# Aim of the exercise
Would you copy the listing below exactly, keeping the pictures out?

# Recorded information
▶

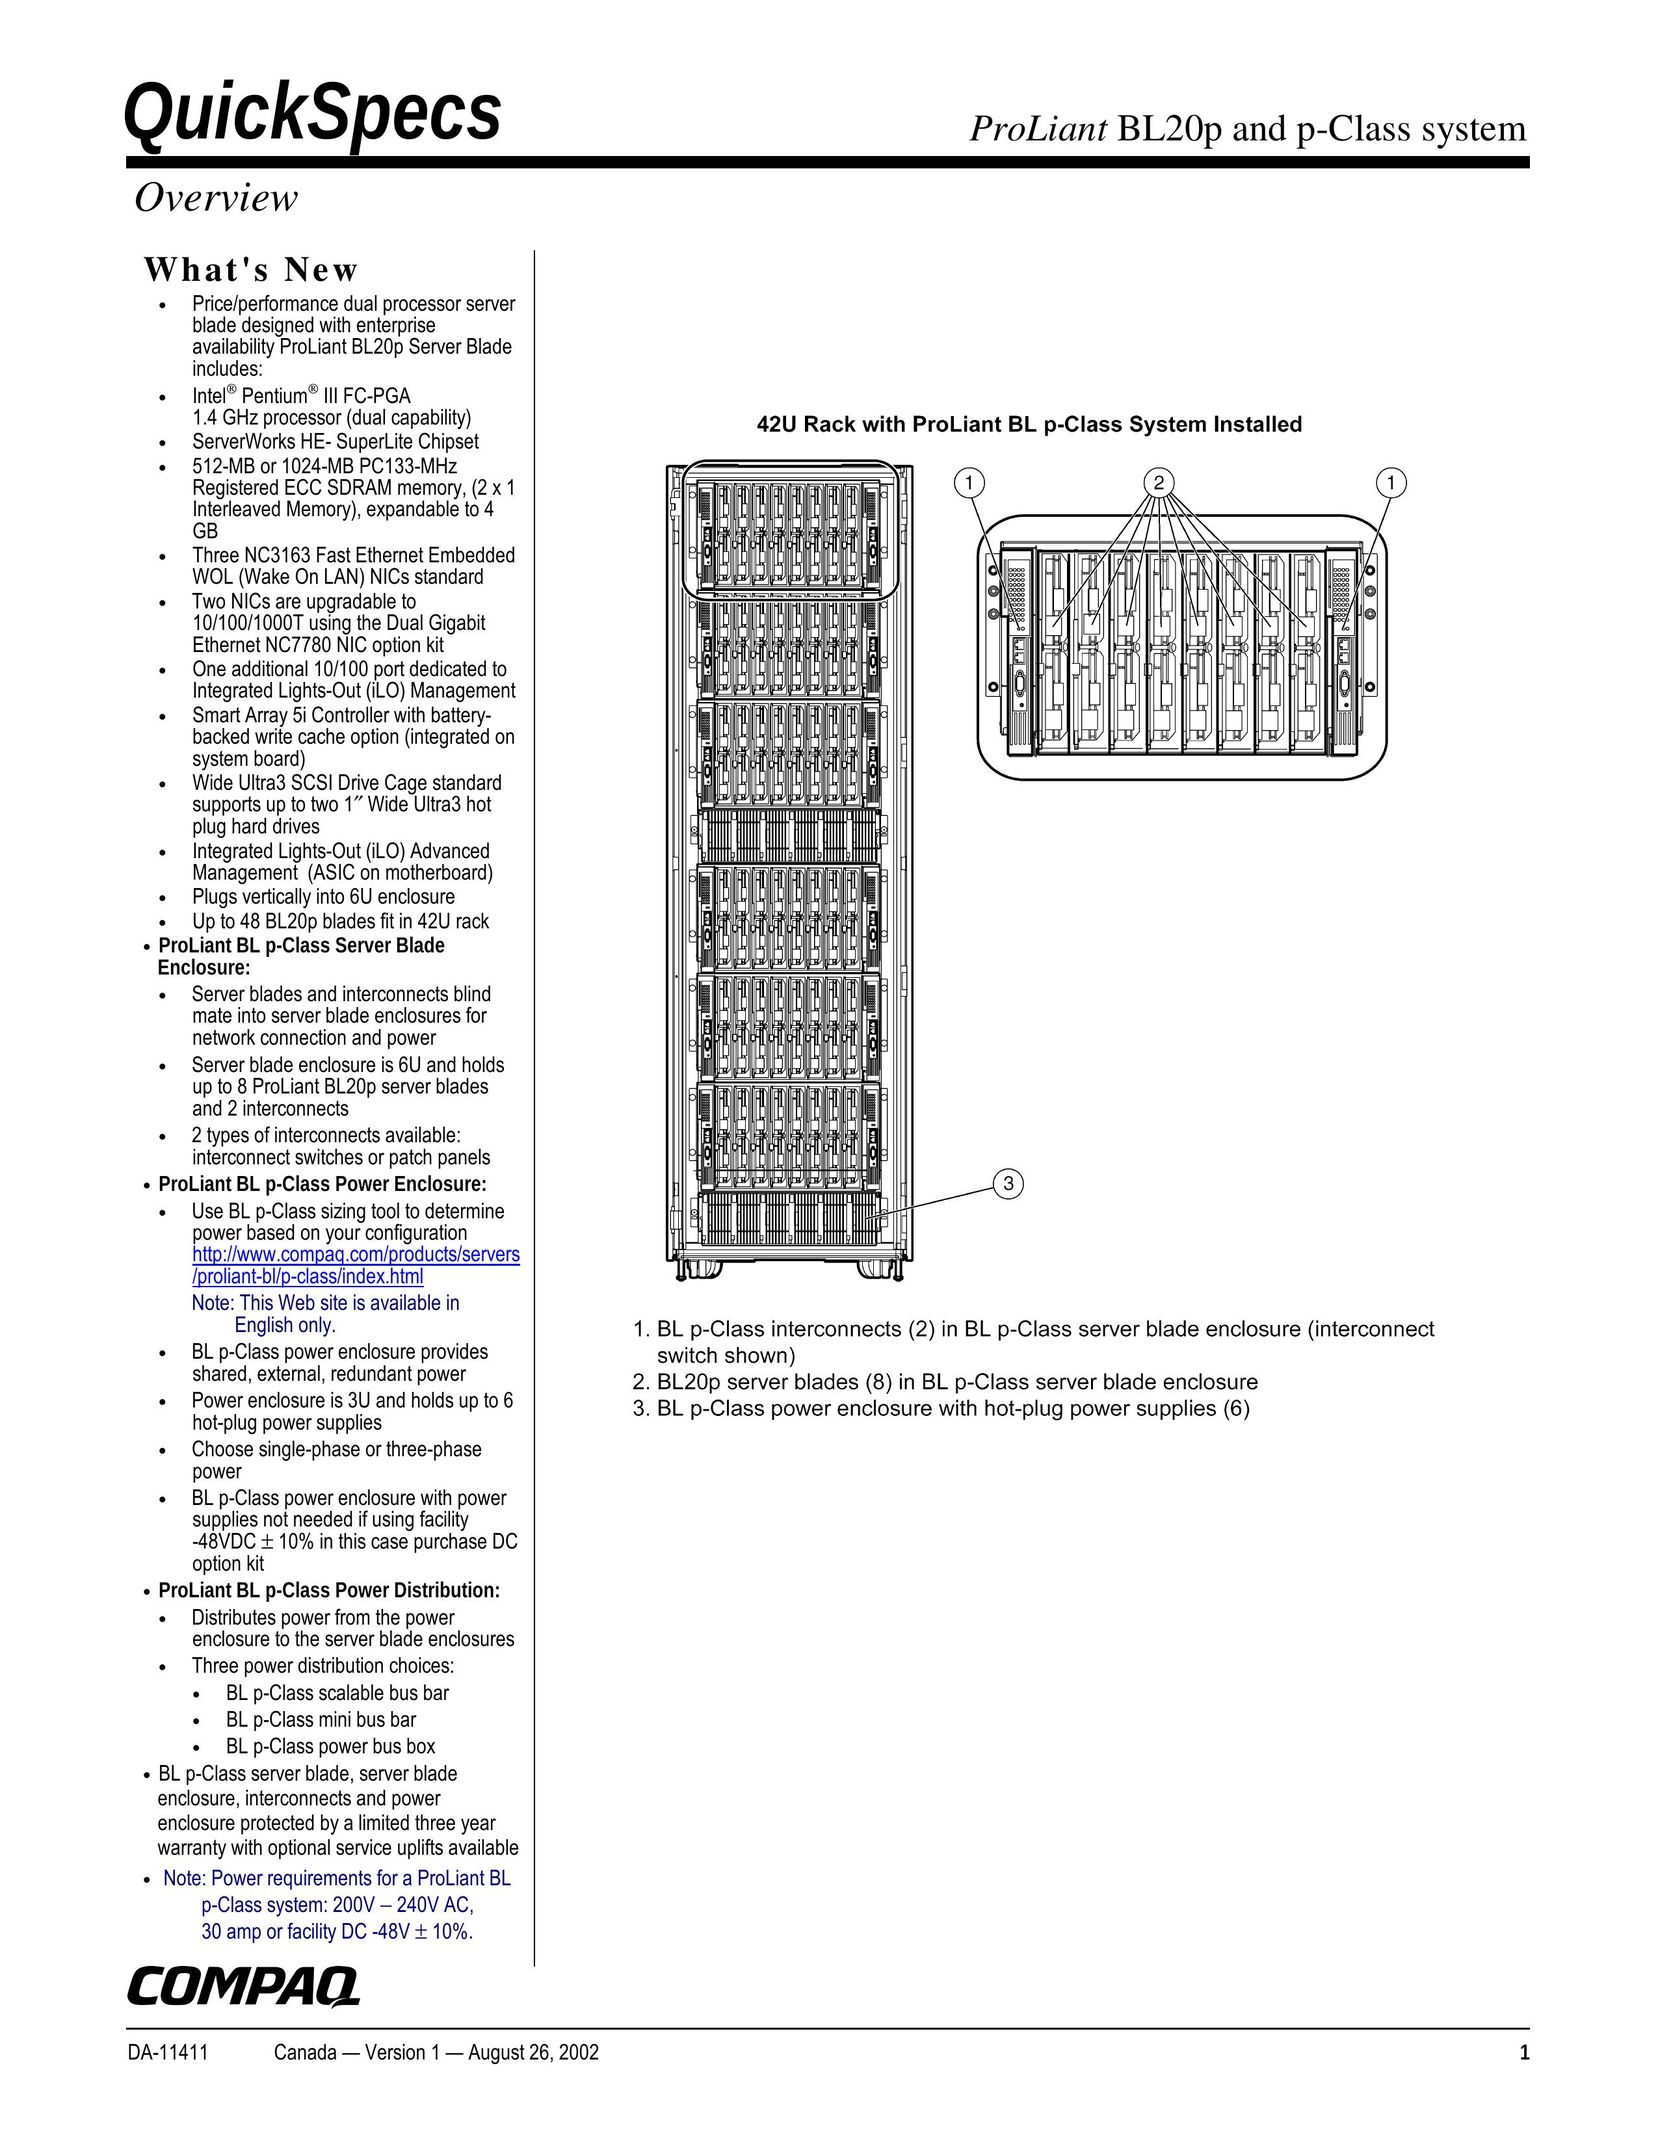 Compaq p-Class Computer Hardware User Manual
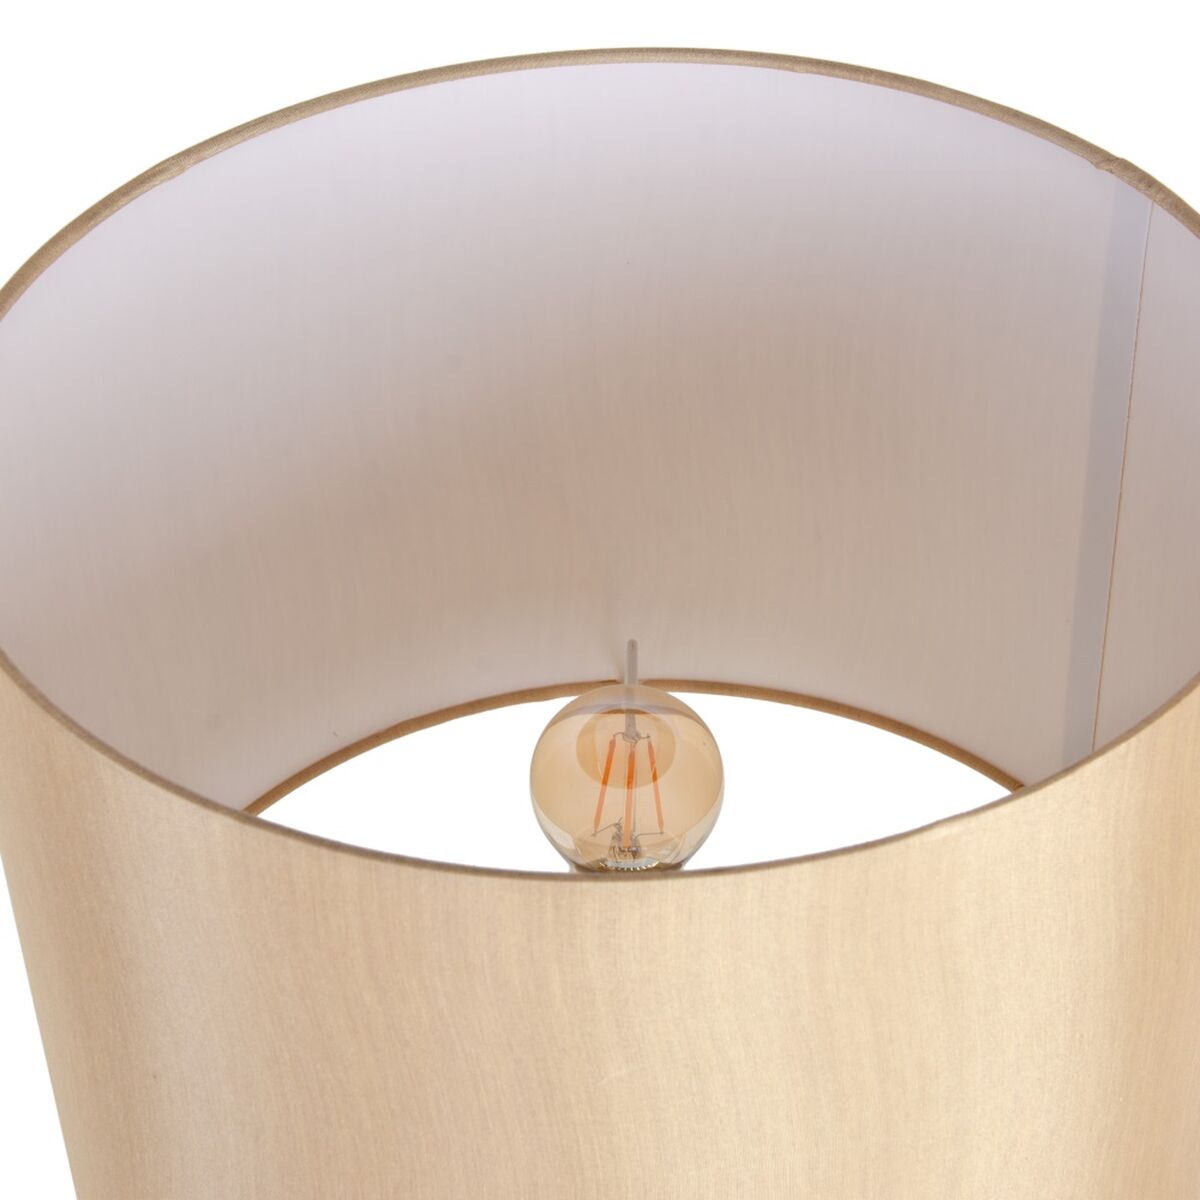 Table lamp gold ridges design
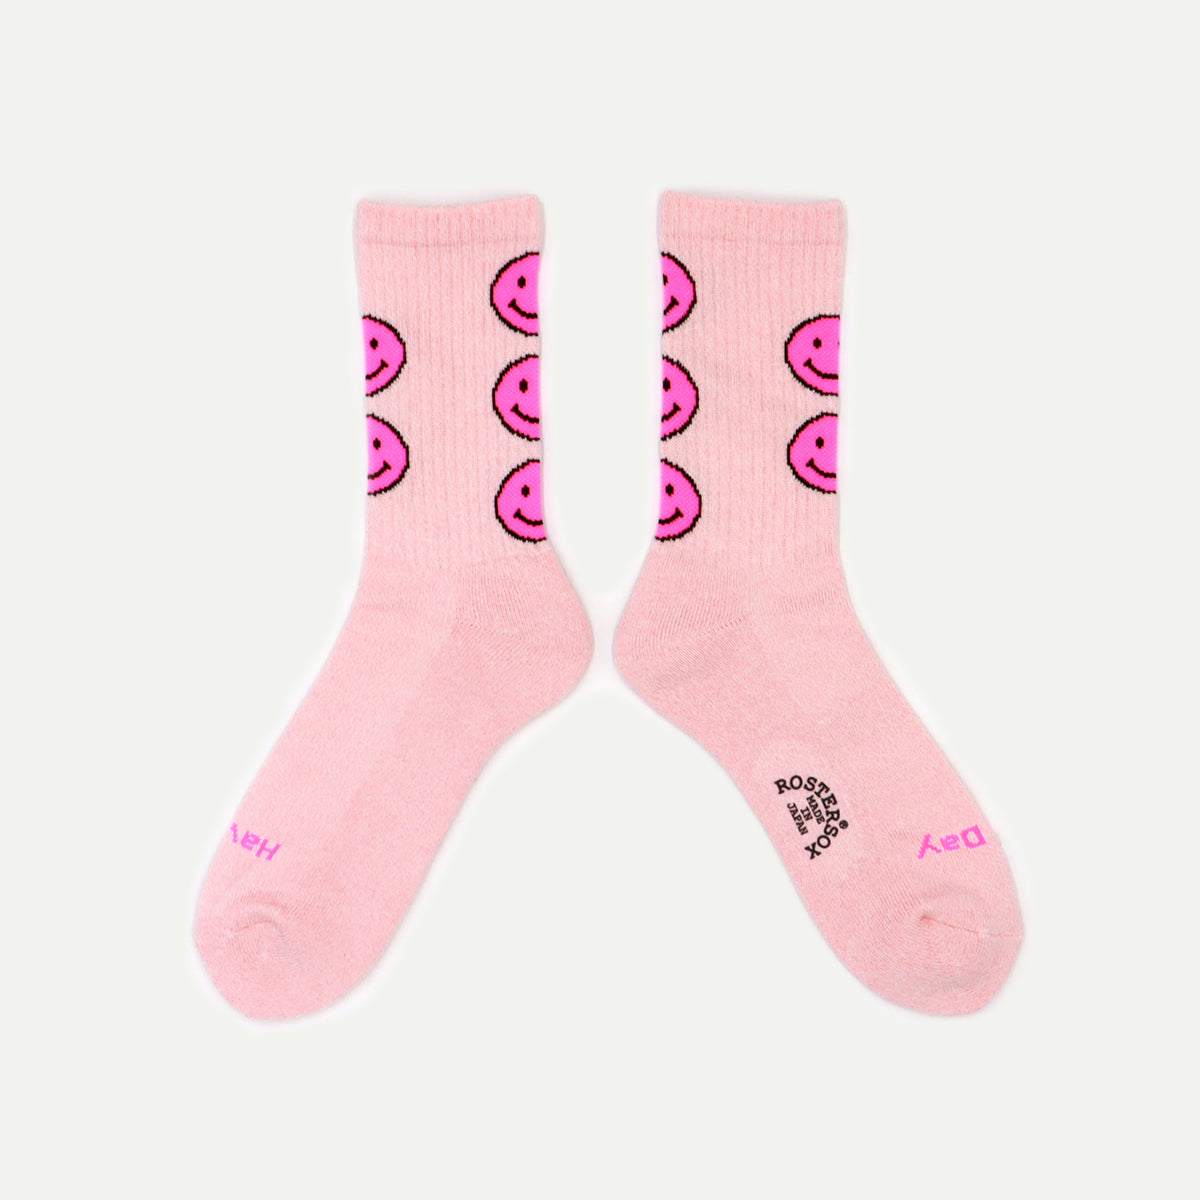 Rostersox Pink SSS Socks

◀

# Response for this exercise
 Compaq p-Class Computer Hardware User Manual
 Table lamp gold ridges design
 Rostersox Pink SSS Socks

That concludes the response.